__Assigned task__
Some lines in the records below may hold the word "electric"; give the number of those lines and nothing else.

┌─ Dataset extract

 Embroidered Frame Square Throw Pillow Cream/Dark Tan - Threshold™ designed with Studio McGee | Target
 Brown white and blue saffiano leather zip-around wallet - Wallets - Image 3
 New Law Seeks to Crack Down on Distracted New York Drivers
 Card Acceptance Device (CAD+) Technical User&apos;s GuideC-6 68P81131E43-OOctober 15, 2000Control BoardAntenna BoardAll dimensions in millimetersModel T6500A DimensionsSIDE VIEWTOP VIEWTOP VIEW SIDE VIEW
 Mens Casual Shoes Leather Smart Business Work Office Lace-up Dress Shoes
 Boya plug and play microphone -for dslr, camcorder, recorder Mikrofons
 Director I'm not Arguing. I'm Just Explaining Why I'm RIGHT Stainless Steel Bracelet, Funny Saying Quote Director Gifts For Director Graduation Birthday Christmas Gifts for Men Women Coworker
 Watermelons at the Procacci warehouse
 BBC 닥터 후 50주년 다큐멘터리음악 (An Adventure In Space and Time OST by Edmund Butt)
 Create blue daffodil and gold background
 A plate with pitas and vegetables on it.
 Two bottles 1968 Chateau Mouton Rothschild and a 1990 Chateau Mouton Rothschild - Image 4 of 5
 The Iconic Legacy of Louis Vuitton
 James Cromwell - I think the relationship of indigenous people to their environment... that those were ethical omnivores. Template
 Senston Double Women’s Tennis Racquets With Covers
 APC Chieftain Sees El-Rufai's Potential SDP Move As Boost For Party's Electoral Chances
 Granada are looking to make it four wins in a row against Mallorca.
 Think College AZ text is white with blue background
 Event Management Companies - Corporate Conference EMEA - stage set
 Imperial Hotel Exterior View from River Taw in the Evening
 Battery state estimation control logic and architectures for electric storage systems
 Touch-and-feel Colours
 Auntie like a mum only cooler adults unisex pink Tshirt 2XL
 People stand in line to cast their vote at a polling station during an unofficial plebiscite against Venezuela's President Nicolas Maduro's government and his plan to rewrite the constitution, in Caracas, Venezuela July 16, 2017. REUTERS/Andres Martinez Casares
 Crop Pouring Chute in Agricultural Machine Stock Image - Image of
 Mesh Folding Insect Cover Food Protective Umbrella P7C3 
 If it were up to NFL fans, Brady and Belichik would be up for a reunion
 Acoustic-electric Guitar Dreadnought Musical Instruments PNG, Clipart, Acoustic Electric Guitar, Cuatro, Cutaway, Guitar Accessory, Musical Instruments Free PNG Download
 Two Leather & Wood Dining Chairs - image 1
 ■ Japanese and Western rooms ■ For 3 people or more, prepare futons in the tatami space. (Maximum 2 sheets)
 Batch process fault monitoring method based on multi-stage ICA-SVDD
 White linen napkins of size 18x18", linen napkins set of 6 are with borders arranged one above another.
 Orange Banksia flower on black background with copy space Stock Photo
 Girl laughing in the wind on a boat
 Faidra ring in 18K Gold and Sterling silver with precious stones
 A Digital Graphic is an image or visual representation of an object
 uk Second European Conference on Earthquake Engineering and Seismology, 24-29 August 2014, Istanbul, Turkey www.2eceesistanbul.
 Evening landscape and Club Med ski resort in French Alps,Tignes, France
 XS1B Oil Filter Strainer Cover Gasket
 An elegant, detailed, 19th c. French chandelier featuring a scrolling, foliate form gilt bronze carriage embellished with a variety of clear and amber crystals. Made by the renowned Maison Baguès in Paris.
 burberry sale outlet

└─

__Answer area__
2